Sequential Bayesian Optimisation as a POMDP for Environment Monitoring with UAVs
This work addresses practical constraints in field robotics, such as UAV environment monitoring, by integrating sequential decision-making into optimization, though it is incremental as it builds on existing BO and POMDP methods.
The paper tackled the problem of applying Bayesian Optimization to robotic systems with physical and trajectory constraints by formulating it as a Partially Observable Markov Decision Process (POMDP) and solving it with Monte-Carlo Tree Search (MCTS). The result showed that their BO-POMDP algorithm outperformed competing techniques in experiments monitoring a spatial phenomenon with a UAV.

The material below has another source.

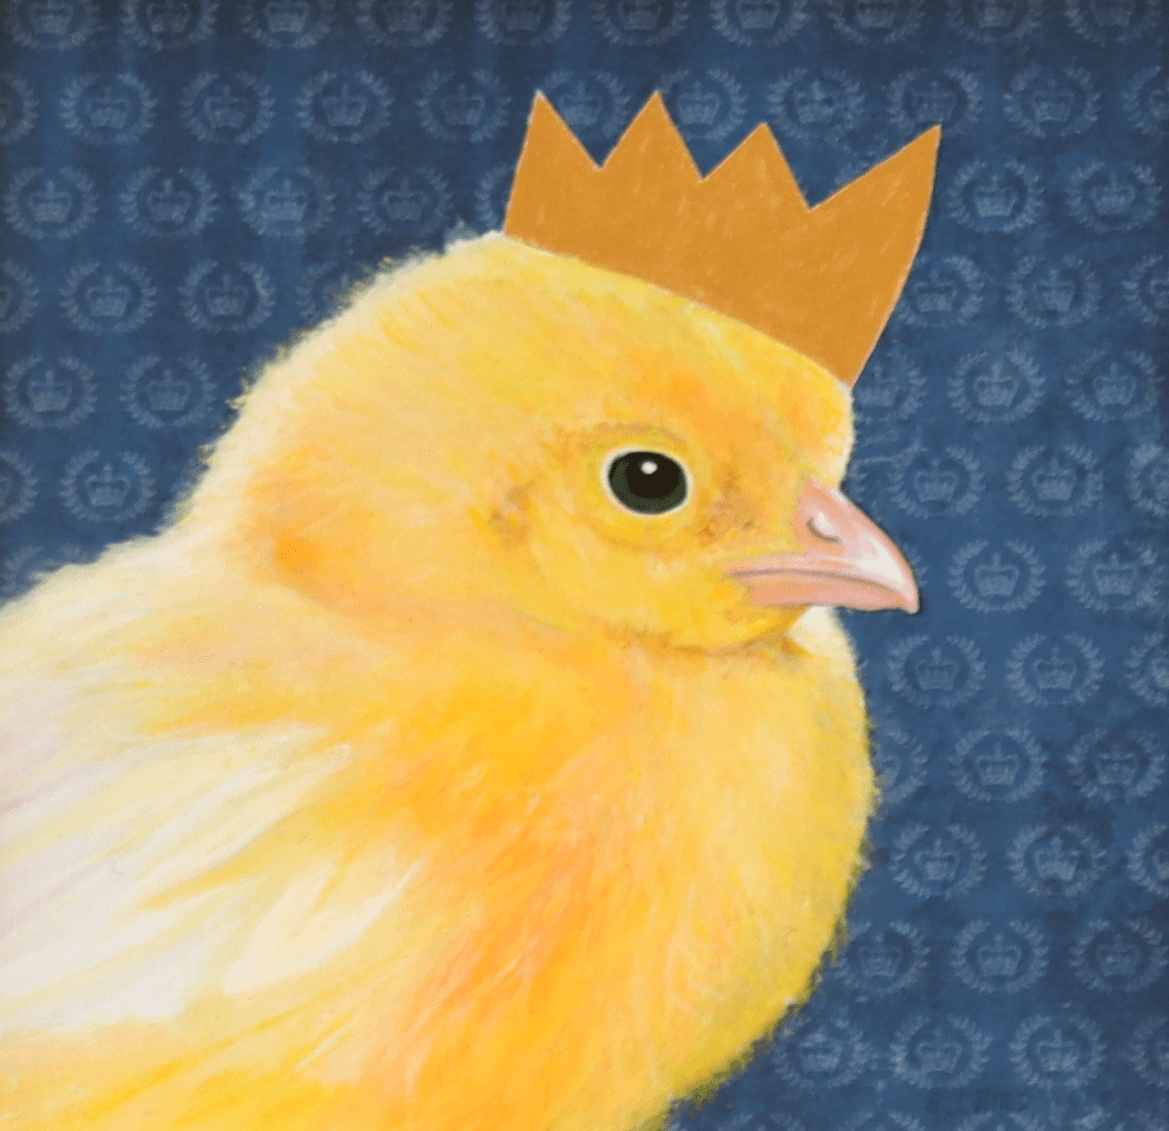 Stanley_Bird_Coronation_Chicken-min

Bayesian Optimisation has gained much popularity lately, as a global optimisation technique for functions that are expensive to evaluate or unknown a priori. While classical BO focuses on where to gather an observation next, it does not take into account practical constraints for a robotic system such as where it is physically possible to gather samples from, nor the sequential nature of the problem while executing a trajectory. In field robotics and other real-life situations, physical and trajectory constraints are inherent problems. This paper addresses these issues by formulating Bayesian Optimisation for continuous trajectories within a Partially Observable Markov Decision Process (POMDP) framework. The resulting POMDP is solved using Monte-Carlo Tree Search (MCTS), which we adapt to using a reward function balancing exploration and exploitation. Experiments on monitoring a spatial phenomenon with a UAV illustrate how our BO-POMDP algorithm outperforms competing techniques.